Frankford was once a major shopping destination, but slipped into decline about 30 years ago. Steve Culbertson, executive director of the Frankford Community Development Corporation (FCDC), says about 40 percent of Frankford Avenue properties were vacant in 1987, compared with about 18 percent today. Nearby retail stores are typical of those found in chronically poor neighborhoods: check-cashing outfits and dollar stores. For as much as business leaders are trying to attract shoppers from outside the neighborhood, nearly all stores are closed by 6 p.m.
But locals say the new station has improved things. Culbertson says property values near the Frankford terminal have gone up, which bodes well for hopes that the building would lure business.
The station, which accommodates about 50,000 people daily, is expected to house a Dunkin' Donuts and flower and pretzel shops by summer's end. A neighboring parcel used as a construction staging area will be offered for development once the terminal is complete, Brey says.
The safer, cleaner station has helped lure new businesses and local artists seeking cheap studio space. The area around the terminal, and the next few blocks down Frankford Avenue toward Center City, is becoming a haven for artists. For this, Martha Kearns, executive director of community-arts group FrankfordStyle, credits Kevin Phelan, a Philadelphia native who started a Frankford Avenue gallery called The Art Place about six years ago. That spurred at least six artrelated businesses to move nearby in the last five years, Kearns says. Phelan is gone now, but a new owner plans to reopen his gallery, she says.
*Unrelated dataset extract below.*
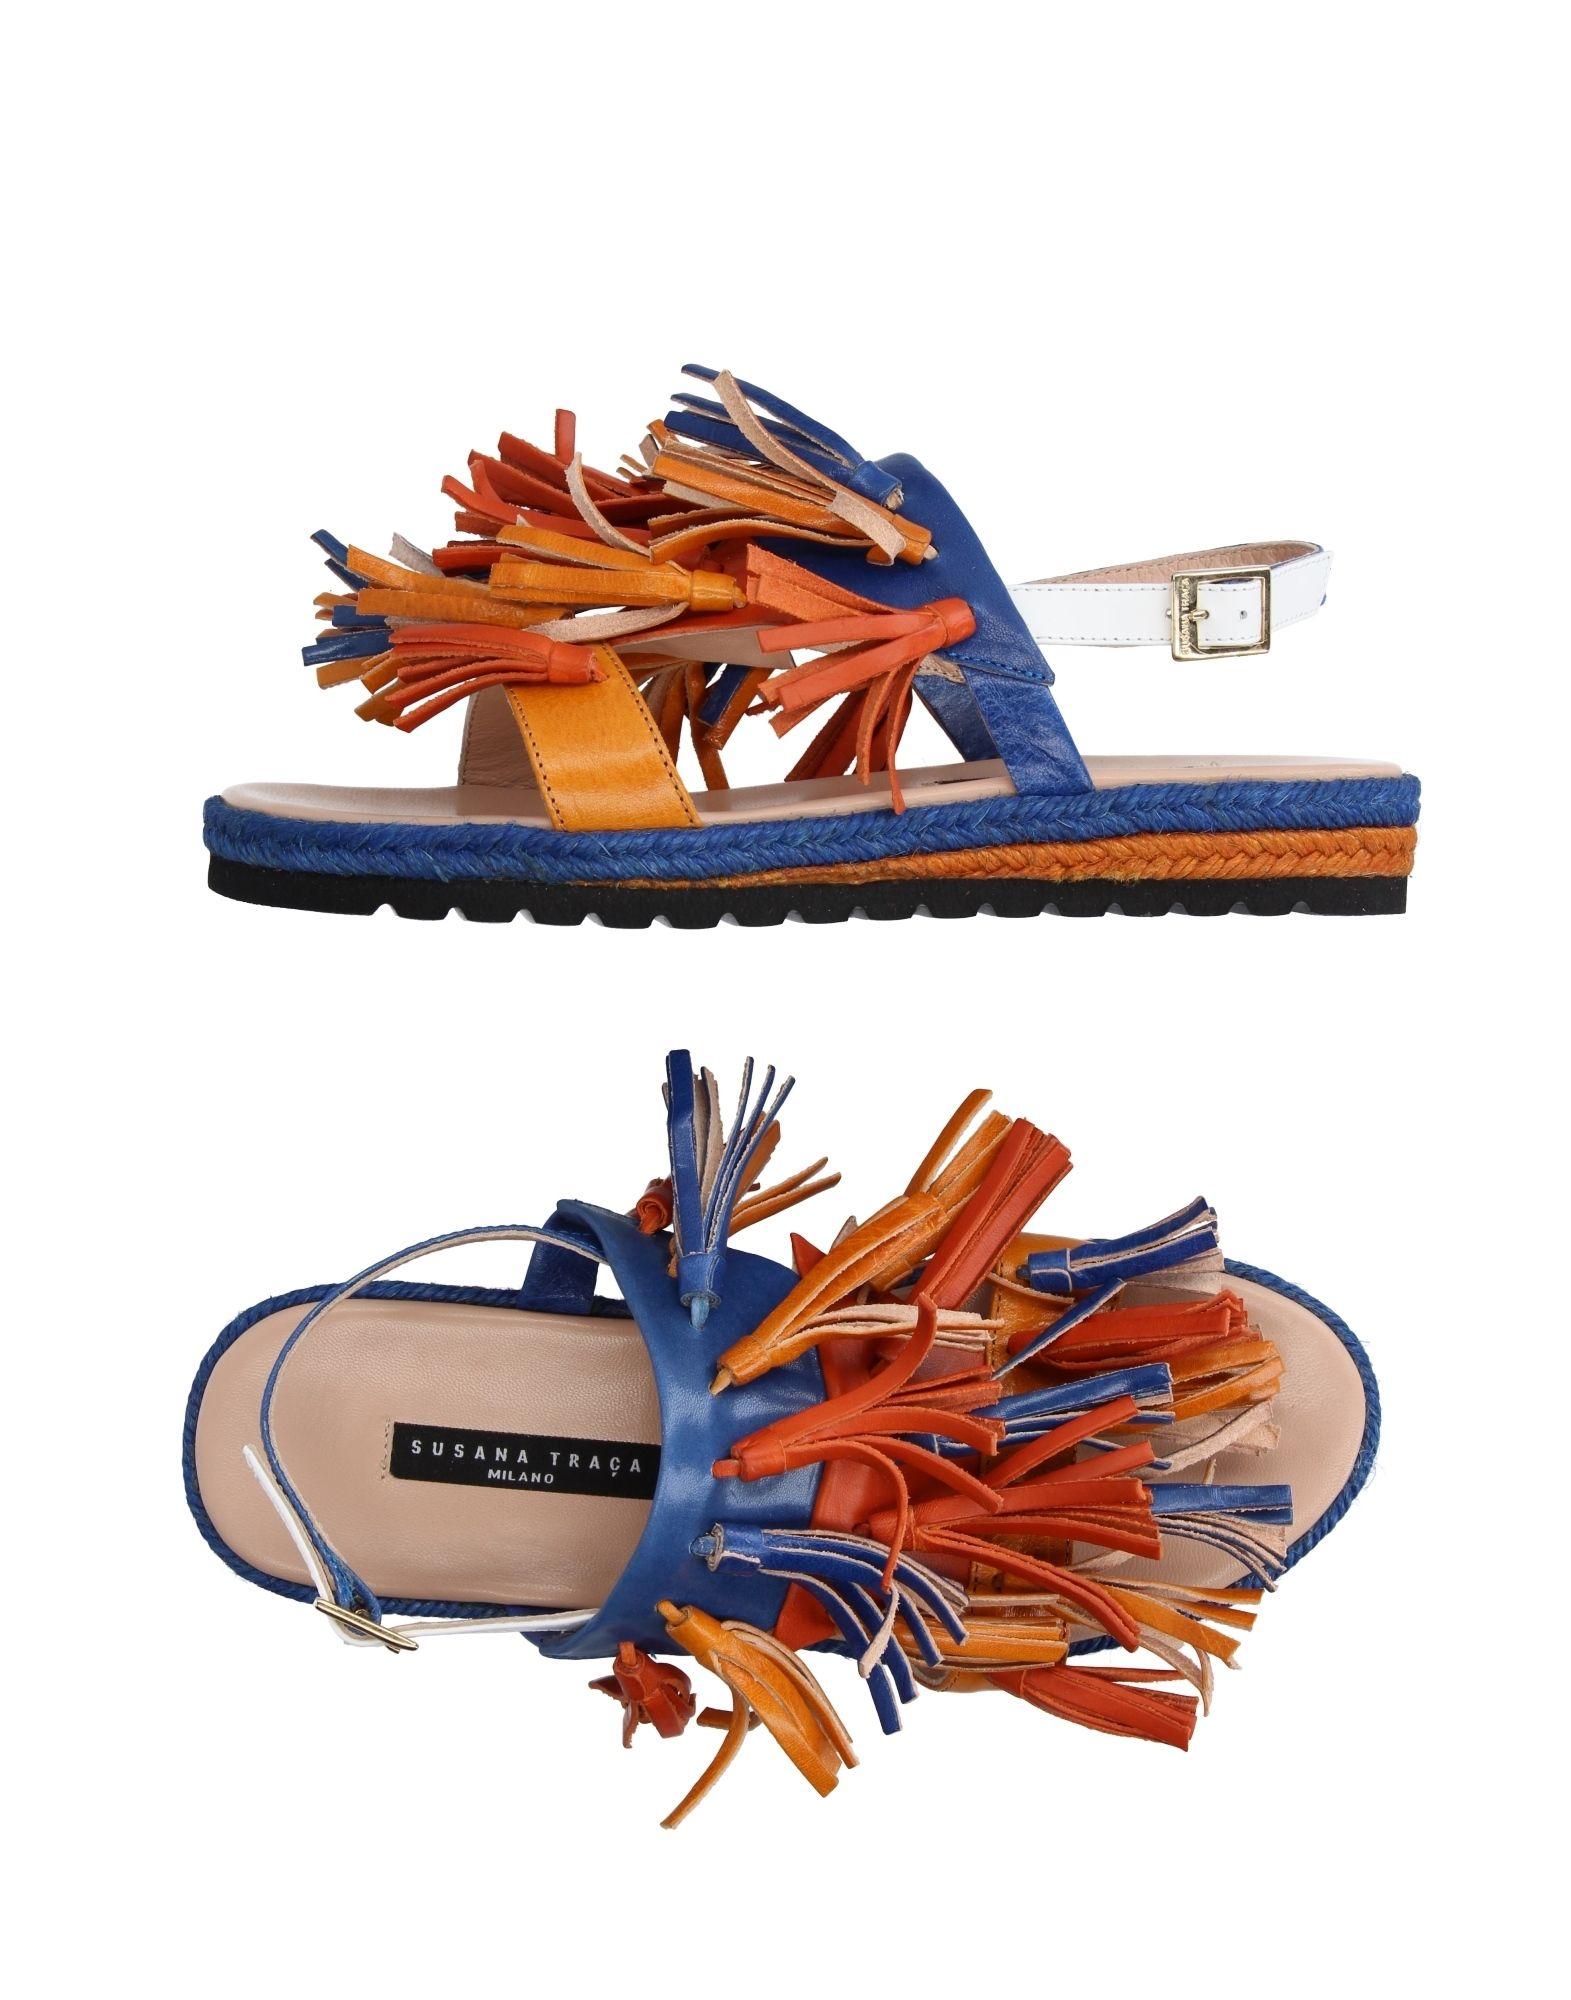 Gut um Espadrilles billige Schuhe zu tragenSusana Traca Espadrilles um Damen  11215214TO 9f73b2

Jim McCarthy, president of the Mantis Development Corp., also hopes to cash in. He was partially inspired three years ago after talking to merchants at the Frankford Arts Festival, a May event that has been around for five years with the goal of drawing people to the neighborhood. One quarter of last year's 2,500 attendees came from outside of Frankford, according to the FCDC.
McCarthy is transforming a building near the Margaret-Orthodox El station into apartments, studios and display space for artists. He also plans to move Mantis' offices to the building, which should be ready by October. He says the lofts will be like those downtown, for about 60 percent of the cost. "We're not in Old City, we're not in the loft district, so we have to make it inexpensive," he says.
Cheap real estate is one draw — McCarthy got the building for $50,000. A blighted building across the street, which McCarthy says should be a coffee shop by next spring, went for $35,000.
McCarthy is also helping Joan Oliveto open a restaurant in a nearby building that used to house drug addicts and prostitutes. Oliveto's restaurant, Mozaic, should open by this winter. It will serve Thai, Italian and French food, double as an art gallery and be a jazz cafe on the weekends.
"I want the people of the community to have a restaurant where they can go to and feel special," Oliveto says.